Toinette had rolled her eyes. “Don’t be a fool if you can help it. You and Cathal are old enough to wed now. Any lord who’s thinking you over for his daughter will go sour on the whole idea if Artair has a ward around old enough to warm your beds. He cares more about land and arms than blood, so I’m a hindrance right now. Sensible man.”
“Heartless, you mean.” Erik said, trying to pretend his face was red from outrage.
“Hearts don’t do anyone much good. He’s been nicer than I’d a right to expect. Besides”—she shrugged—“it’s about time I saw more of the world. But before I go—”
She’d leaned forward, awkwardly since they were both sitting, grasped his shoulders, and pressed her open mouth to his.
Girls hadn’t been rare in Loch Arach, but Erik had never gotten the nerve to approach one. They were servants, or villagers, and he was a guest at the castle. He’d no wish to risk Artair’s wrath. He’d looked, and dreamed, and thought things might be different when he went home.
At the touch of Toinette’s lips, his body had lit up with internal flame. He’d kissed her back clumsily but intensely, their tongues sliding against each other, and wound his fingers into the red silk of her hair.
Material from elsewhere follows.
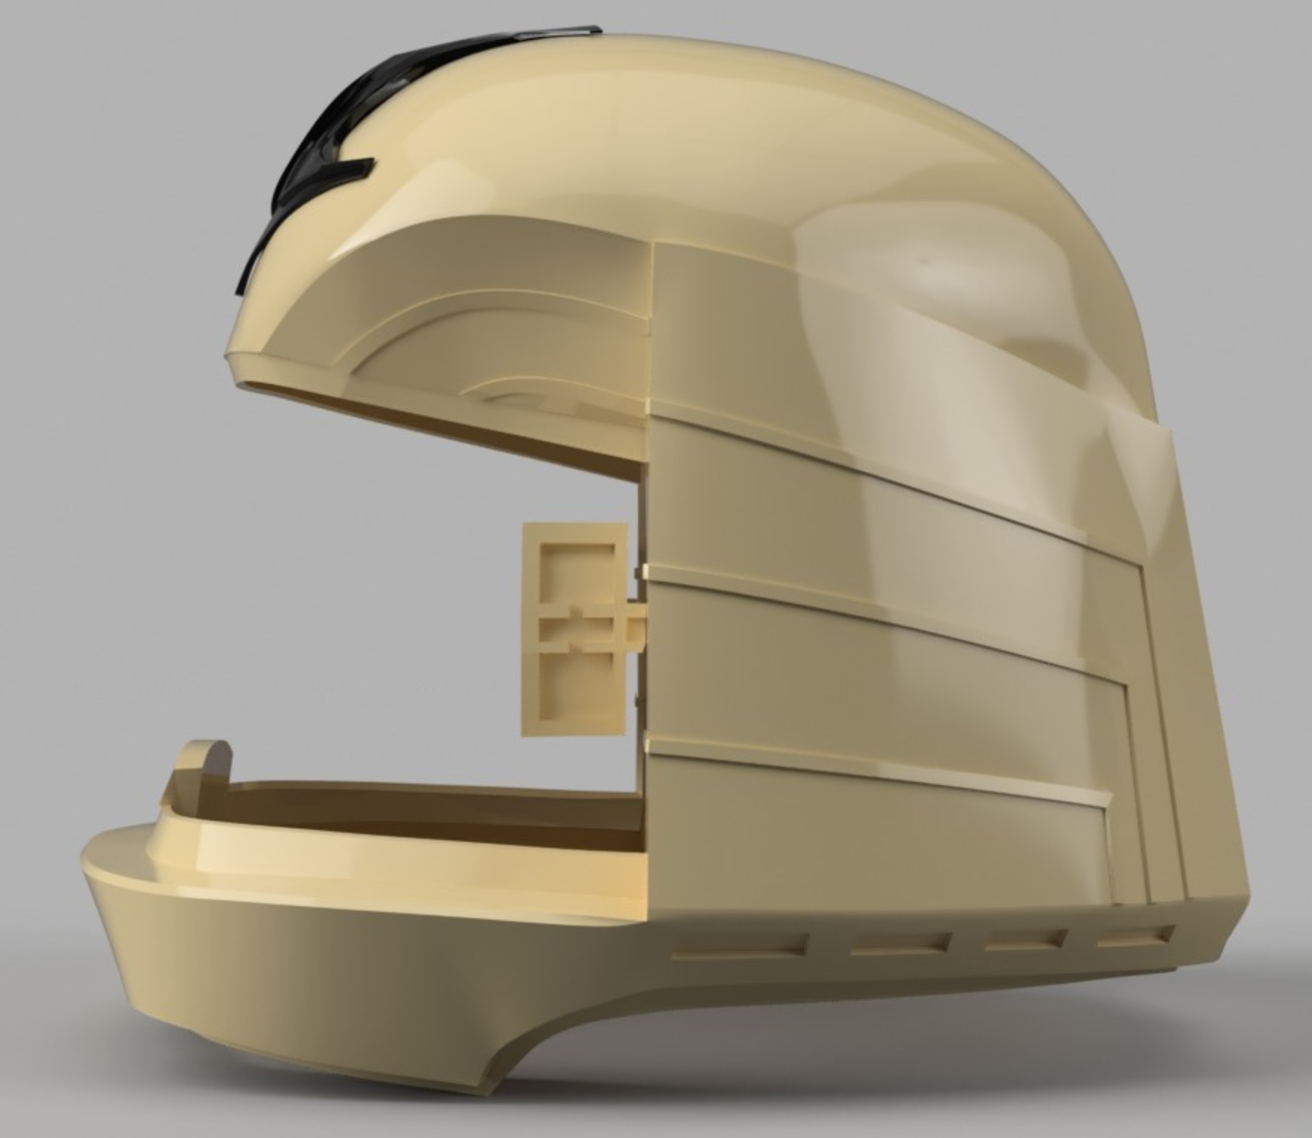 Capture d'écran 2017-09-15 à 16.16.22.png Download free STL file Battlestar Galactica Colonial Viper Pilot Helmet • 3D printing object, VillainousPropShop

He was leaning toward her, trying to figure out how to get closer without falling over on her, when a voice called her name from a short distance away: Agnes, Cathal’s older sister.
Instantly they broke apart, and Toinette sprang
to her feet. “I’ll be there directly!”
Erik—not inclined to stand up just then and unsure he’d be able to any time before sunset—had stared up at her. “What… Why did you do that?”
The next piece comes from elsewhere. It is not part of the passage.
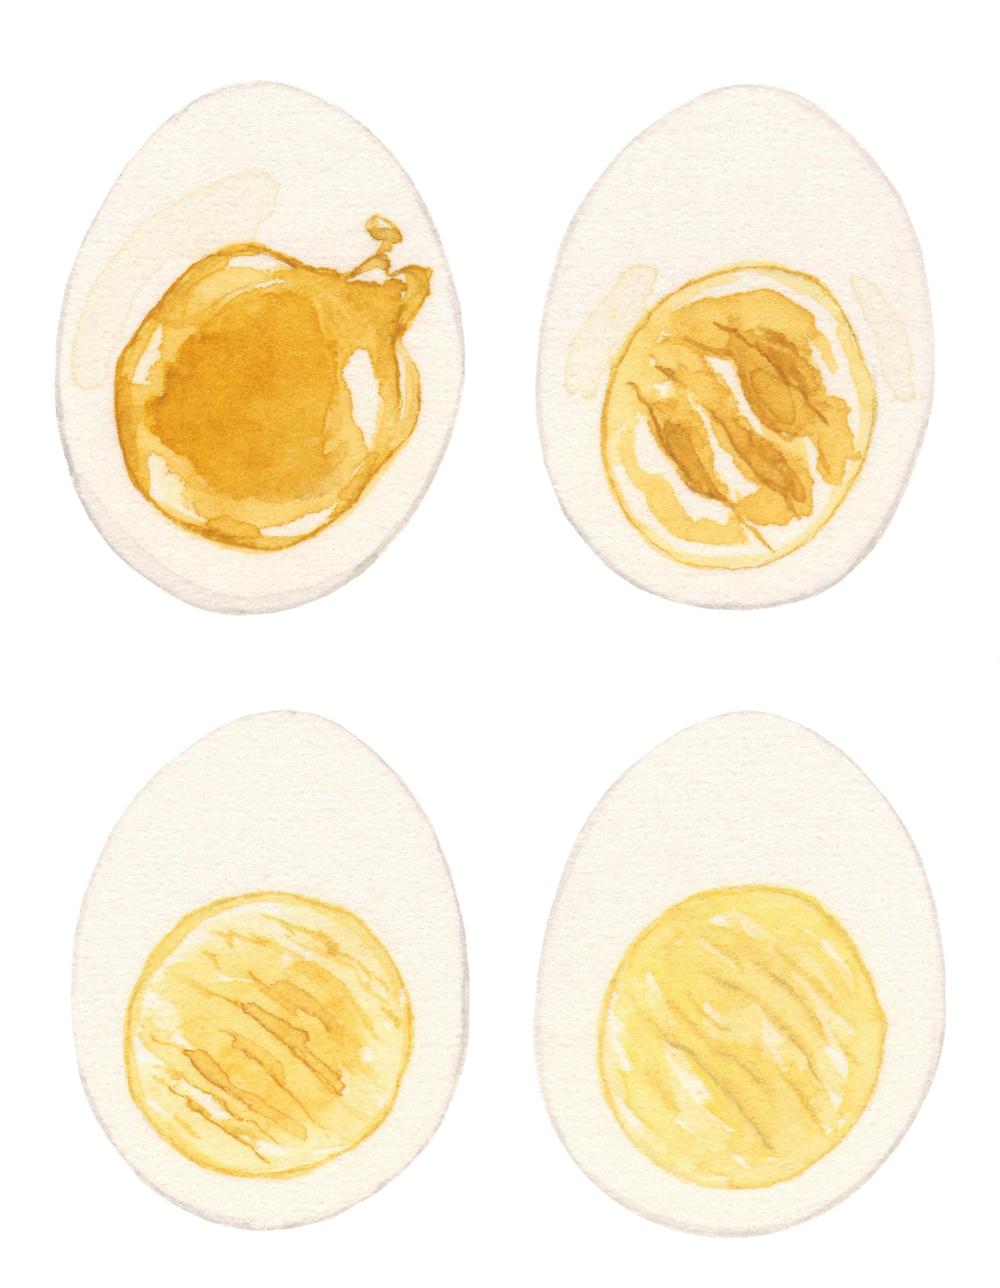 eggs-lrg.jpg

“I wanted to know,” she’d said, “if it’d be better now I’m older. And it was. Thank you.”
Then, skirts whirling as she turned, she’d left him to his confusion and lust.
Three
Crew vanished at every port. Some found new ships, some tired of life at sea and headed off to seek a farm, and a few met a more final end, whether by tavern fights or spoiled food. Toinette was only thankful to be seeing fewer deaths from the plague.
Erik’s mission meant losing more than usual. Men who’d been quite content to sail from France to Muscovy, or London to Spain, heard mysterious island west of England and shook their heads. Sailing was dangerous enough on the routes men knew practically by heart. They sailed on respectable merchant ships, not as pirates or explorers. The whole venture sounded foolhardy.
Knowing that very well, Toinette didn’t bother trying to convince them. It wouldn’t have done any good, and she had a conscience, shriveled and shrunken though it might be. Risking her life and those of willing men was as far as she would go.
Thus she drew more heavily than usual from the taverns. The Hawk would sail decently with ten men. Counting herself and Marcus, that left eight. Erik would likely be useful if they met with pirates, but she didn’t want to count on him for running up the sail or manning the wheel.
“And you don’t have to come,” she told Marcus as she made her plans, the notion having occurred to her while she slept. “I’ll not hold it against you.”
He made a pfah sound through his beard. “And will I live forever if I stay?”
“I don’t know,” said Toinette. “Make friends with an alchemist, and you might manage it yet.”
“I’ll take my chances. If this island does exist, I want to see it. If it doesn’t… Well, you’re a woman of some sense. I’ll wager you’ll turn back before we run through our supplies.”